The conscientious critic finds himself placed in a difficult position when dealing with local composers. He owes the talents of the city a certain consideration while at the same time needing to be forthright. He should not deflate the expectations that come with the enormous amount of work that has been invested, but neither should he lose the confidence of his public by heaping empty praise. In the case of Brüll, this dilemma is marvellously solved by the observation that we can be quite sure that in future, the composer will deliver us something far better than
Bianca
.
28

Another major figure that moved in orbits around Mendelssohn, Schumann and Brahms was the Jewish pianist and composer Ferdinand Hiller, largely forgotten today. Hanslick has enormous affection for Hiller and mentions him frequently in his autobiography, an endorsement not reciprocated by Hiller, who makes just one passing reference to Hanslick in his own memoirs. Despite respect bordering on reverence, Hanslick refuses to offer empty praise. In his memoirs, he recounts Hiller's jovial comment that Hanslick was inclined to review his writings more favourably than his compositions. Hanslick gleefully acknowledges this – he did not undervalue Hiller's gifts as a composer, but thought his books far better.
29
On 18 and 19 August 1885, only three months after Hiller's death, Hanslick devotes six pages to him, using the correspondence between Hiller's librettist and friend Moritz Hartmann as the basis for an extended obituary. This is all the more exceptional as Hanslick makes the point that Hiller wanted to make his mark as an opera composer, though this was a task for which he was unsuited (along with other unnamed German pianist-composers, presumably Brüll or Rubinstein). The correspondence between Hartmann and Hiller centres on finding an appropriate operatic subject to follow his successful oratorios
Saul
and
Die Zerstörung Jerusalems
.
30
The resulting opera,
Die Katakomben
,
31
was finally
produced in Wiesbaden (‘a place better known for curing gout rather than important operatic premieres’) and eventually made it to Hanover, Karlsruhe and Rotterdam. Hanslick mentions dryly that it was ‘the most successful’ of Hiller's many operas. Fundamentally, he finds Hiller's music lacking in originality, a trait Hanslick believes that Hiller recognised in himself when writing to Hartmann of his natural tendencies towards consensus, ‘perhaps a tendency that was also reflected in his music’. Schumann, who thought very highly of Hiller's compositions (as did Mendelssohn), eventually came to the conclusion that Hiller's music was like a basket of ripe und unripe fruit thrown together.
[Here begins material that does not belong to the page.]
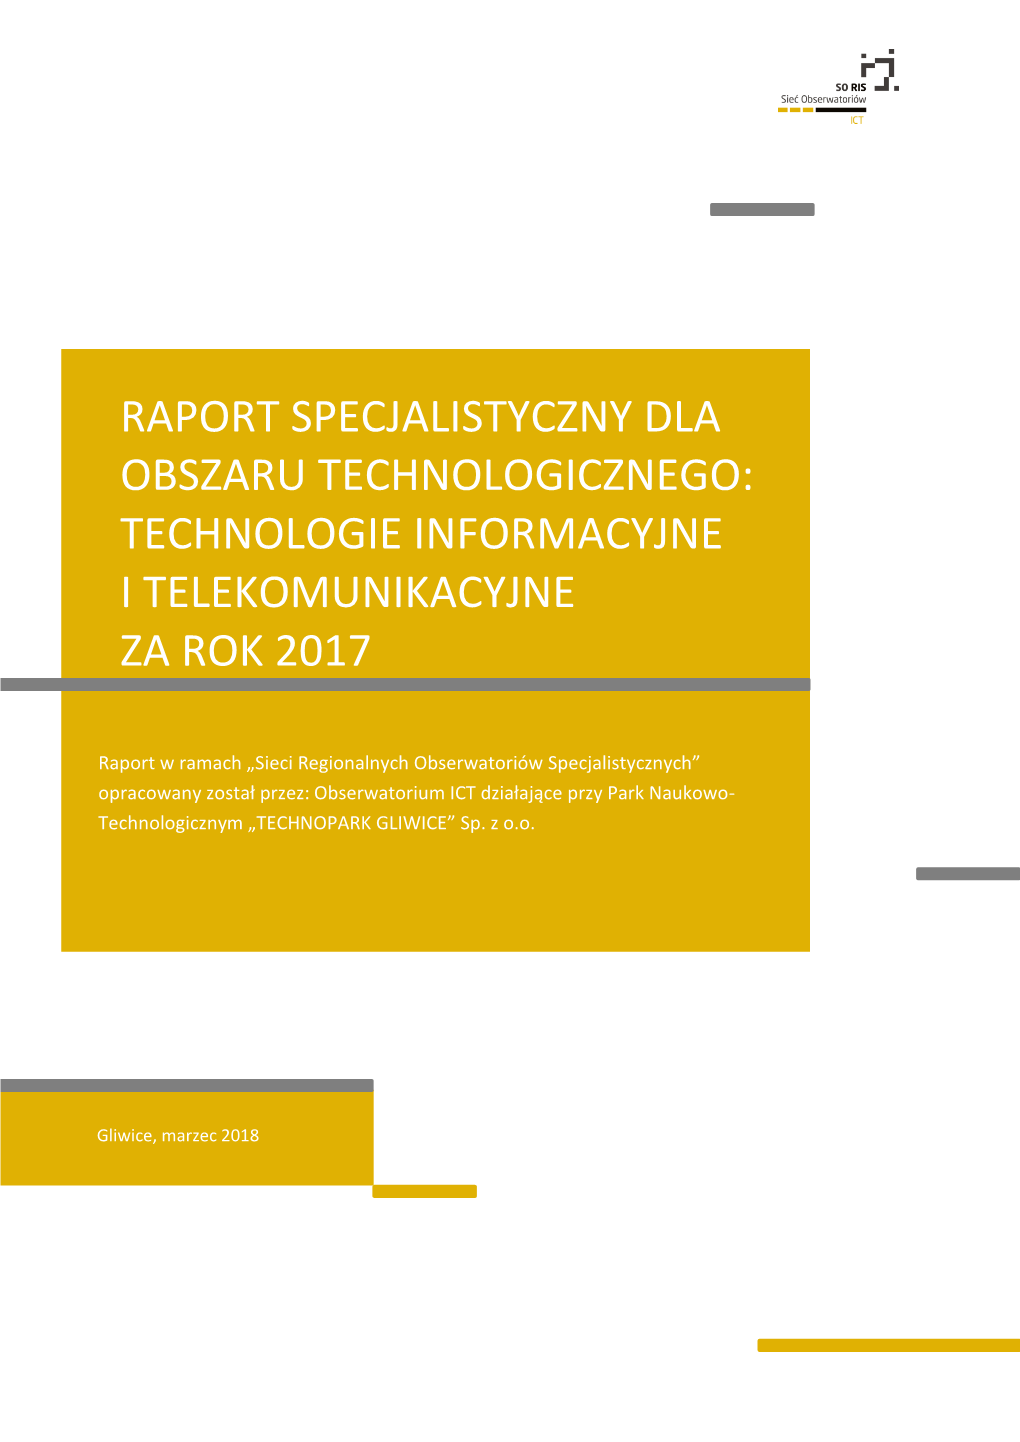 Raport Specjalistyczny Dla Obszaru Technologicznego: Technologie Informacyjne I Telekomunikacyjne Za Rok 2017

It could produce no true pleasure, since alongside the inspired was the trivial and contrived. This was an opinion that Hanslick shared. The rest of the article is devoted to praising Hiller's gifts as a writer.
32

At no point does Hanslick consider the religion or cultural background of the composers whose works he reviews as pertinent. However, his feuilletons for the
Neue Freie Presse
provide a fascinating documentation of where Jewish composers were heading culturally, and although these were composers towards whom Hanslick may have been favourably disposed from a purely aesthetic point of view, most of them were fundamentally cautious and conventional. A hint of an exception is felt in Hanslick's review of Mahler's completion of Weber's opera
Die Drei Pintos
. He finds the work itself unexceptional, though it might have been better had Weber lived to complete it. Of Mahler, he writes that he is competent at matching Weber's instrumentation, though he grows weary of continuous passages of rushing semi-quavers, punctuated by trombones and bass drum: 'Mr Mahler is orchestrating for today's public not the public of the 1820s.’ Hanslick goes on to praise Mahler's composition of the entr'acte before the second act, which he says offers an anticipation of Richard Wagner's sound world.
33

Hanslick is equally impatient with the works of countless non-Jewish composers of the same period: for example, Josef Fuchs's 1889 opera
Die Königsbraut
(‘a composer who instinctively knows his limitations’),
34
Johannes Hager's
Marffa
, performed in 1886 (‘it would be nice if his melodies did not leave one feeling that they had passed through a number of other hands first’),
35
Victor Ernst Nessler's
Der Trompeter von Säkkingen
from 1884 (‘the most remarkable thing about this work is its success’),
36
Karl Gramman's
Andreasfest
from 1885 (‘his work is neither better nor worse than that which we regularly encounter within contemporary German opera; however, that standard itself is depressingly low at the moment’),
37
and Josef Hellmesberger's
Fata Morgana
from 1886 (‘I put the work's weaknesses down to the fact that he composed it in only 3 months’).
38

One Jewish composer who came in for favourable treatment from Hanslick was the British musician Frederic Hymen Cowen, whose
Scandinavian
Symphony he reviewed in January 1882:

It isn't often that the English compose symphonies and even less often that they do it with success. Such a rarity was presented by Hans Richter in his most recent Philharmonic concert: both the symphony and its accompanying English composer. […] His
Scandinavian
Symphony is large, and into the last detail a well-crafted work. Cowen has long ceased to be a beginner and has for some considerable time possessed the necessary skills of writing for all the techniques of the modern orchestra. In his newest work – the only one of his we know – he presents himself more as poet and landscape artist than an independent and inventive musician. For that reason, the thematic material and counterpoint come less to the fore than his pallet of colours.
39

With Cowen, who studied in Leipzig, we encounter the other centre around which newly assimilated Jewish composers could frequently be found. In some cases, they had direct, regular and friendly contact with Brahms, such as Friedrich Gernsheim. Cowen met Brahms during his Viennese sojourn, while others, such as Salomon Jadassohn (one of Cowen's professors at Leipzig), were obviously influenced by Brahms.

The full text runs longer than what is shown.